Set down the lines below, exactly, starting at the one that contains "huge stocking stuffer" and stopping at the last line, inclusive. Omit pictures.
── Data section ──
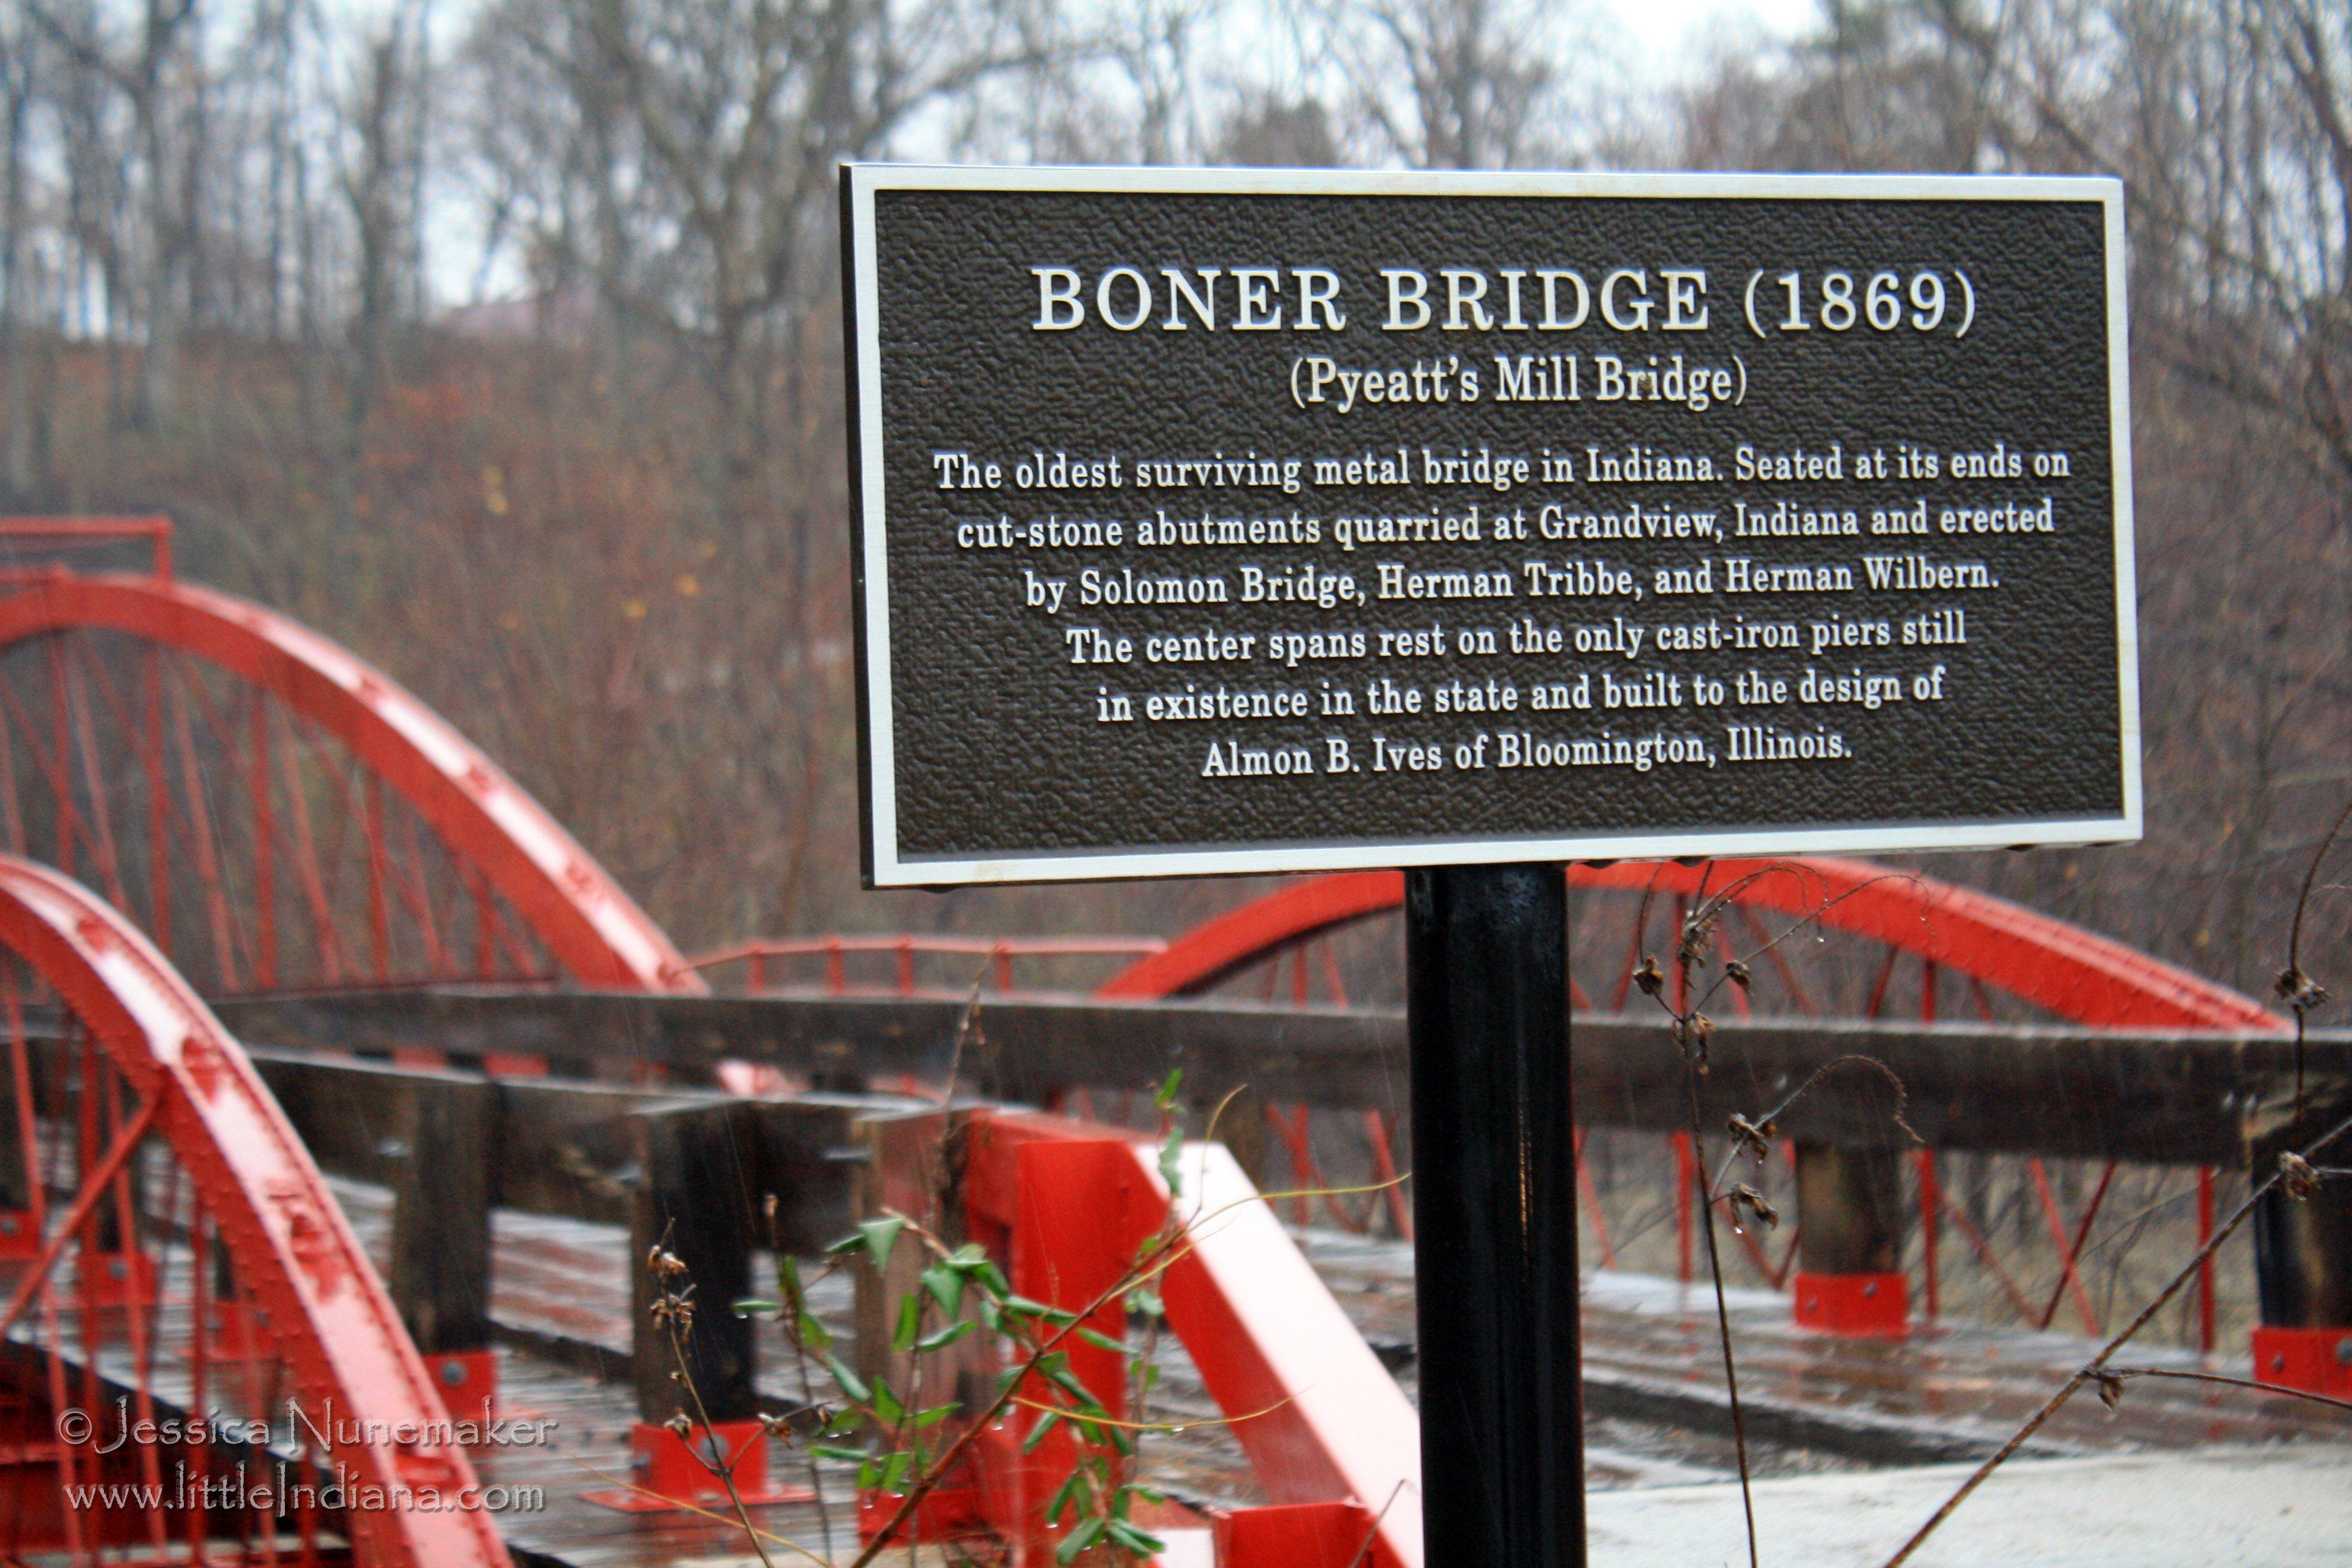 Indiana spencer county rockport - Boner Bridge Or Pyeatt S Mill Bridge In Spencer County
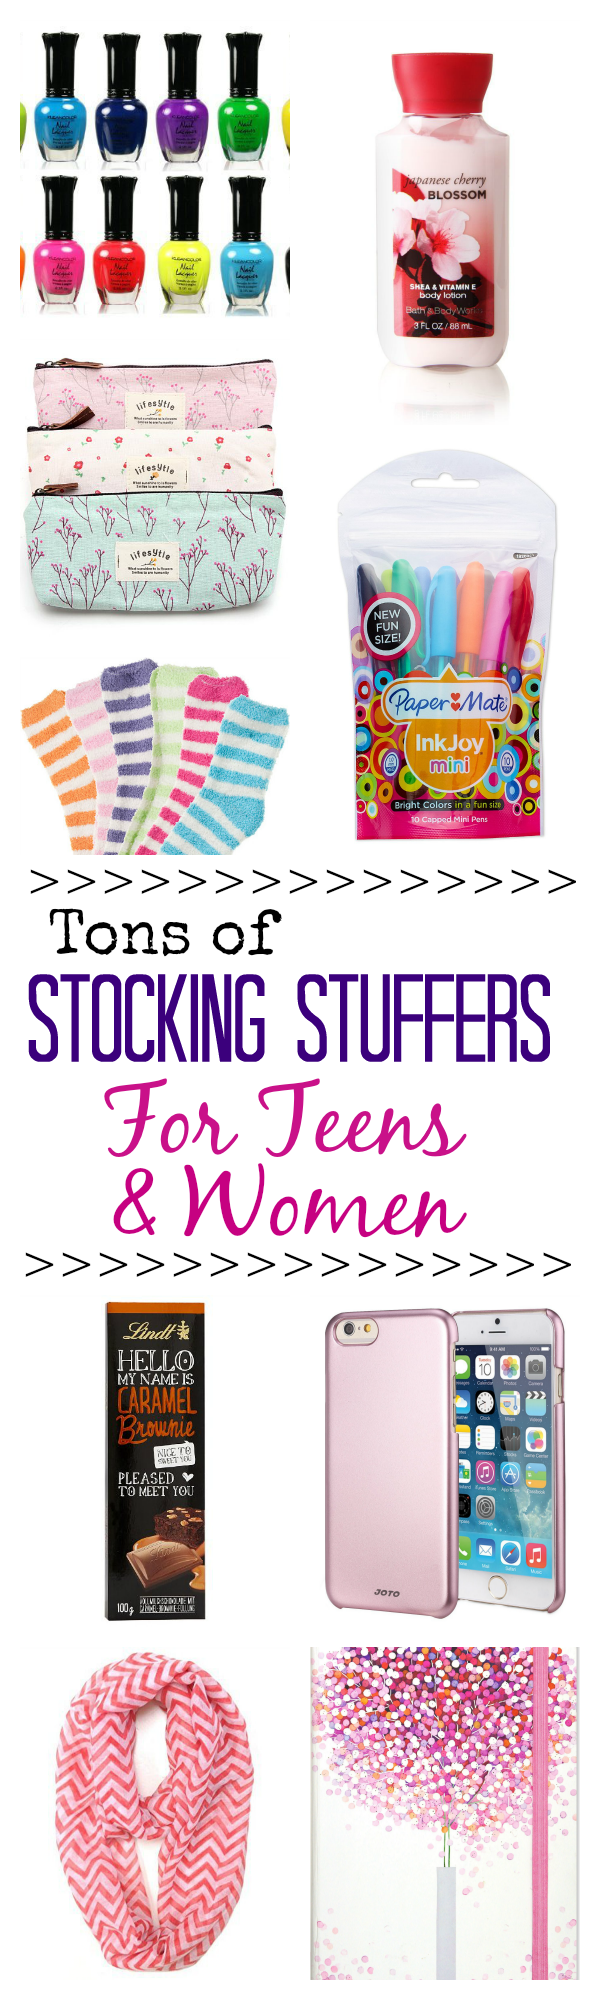 huge stocking stuffer ideas list | stocking stuffers, stockings
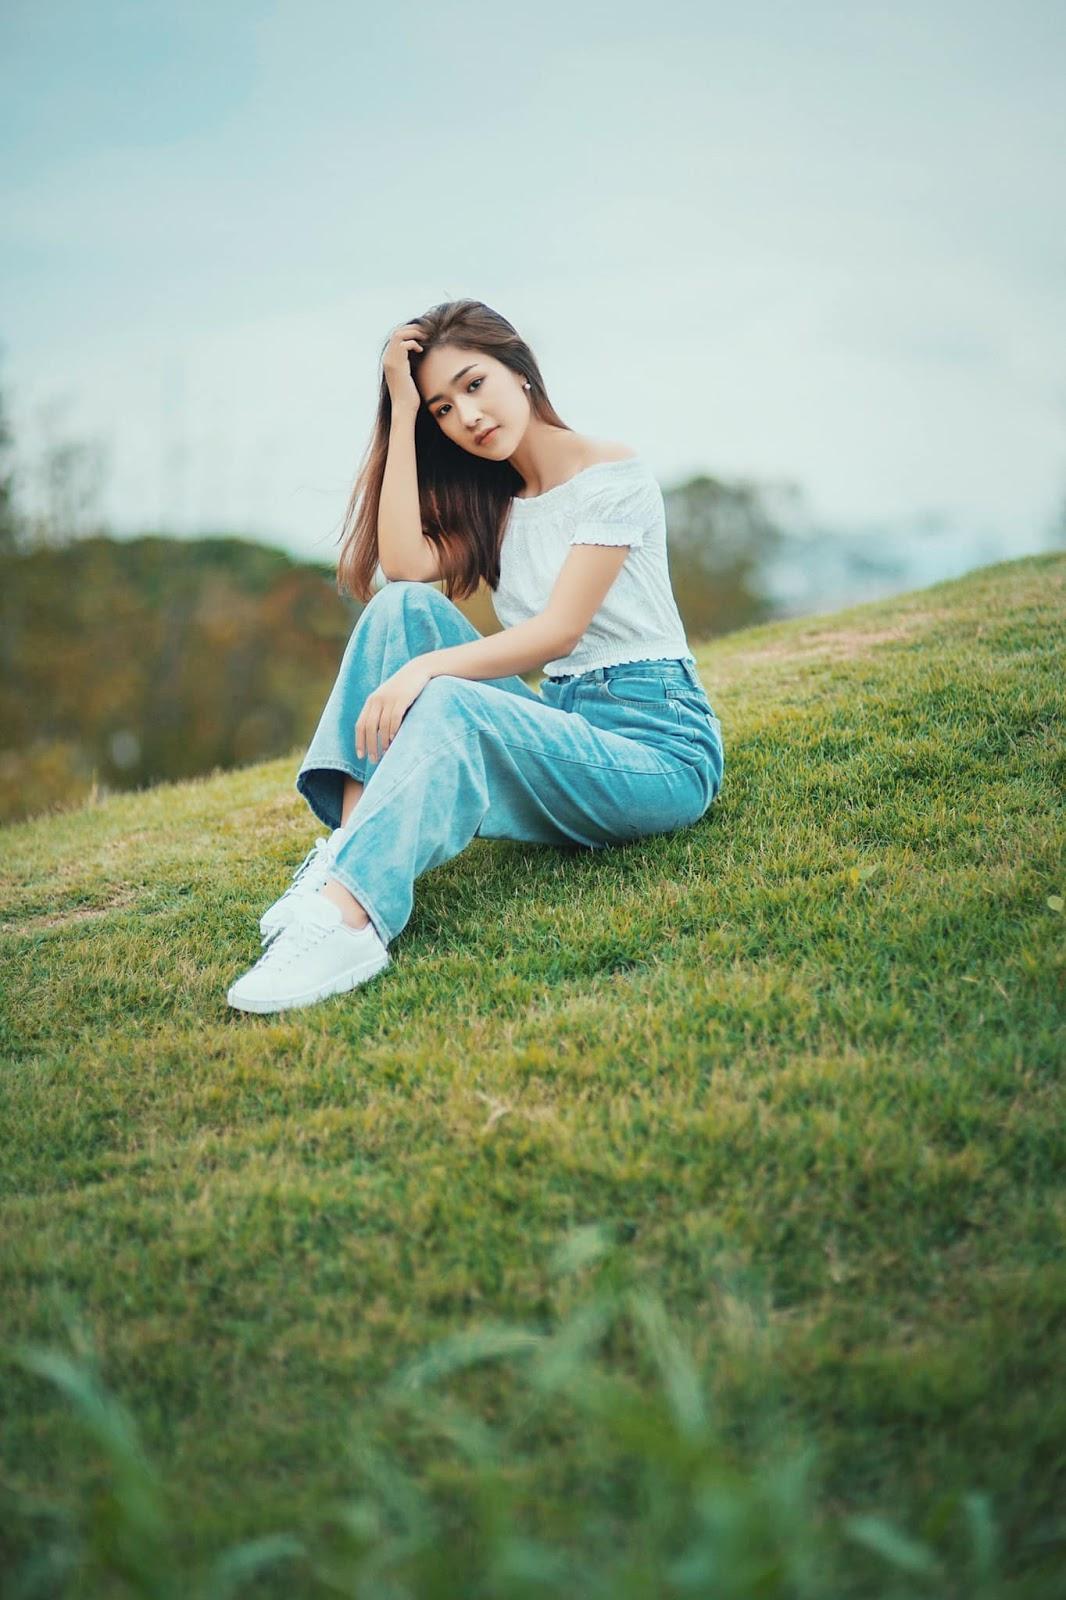 Naw Phaw Eh Htar - Beautiful Myanmar Model Girl
───
Solution for this exercise:
 huge stocking stuffer ideas list | stocking stuffers, stockings
 Naw Phaw Eh Htar - Beautiful Myanmar Model Girl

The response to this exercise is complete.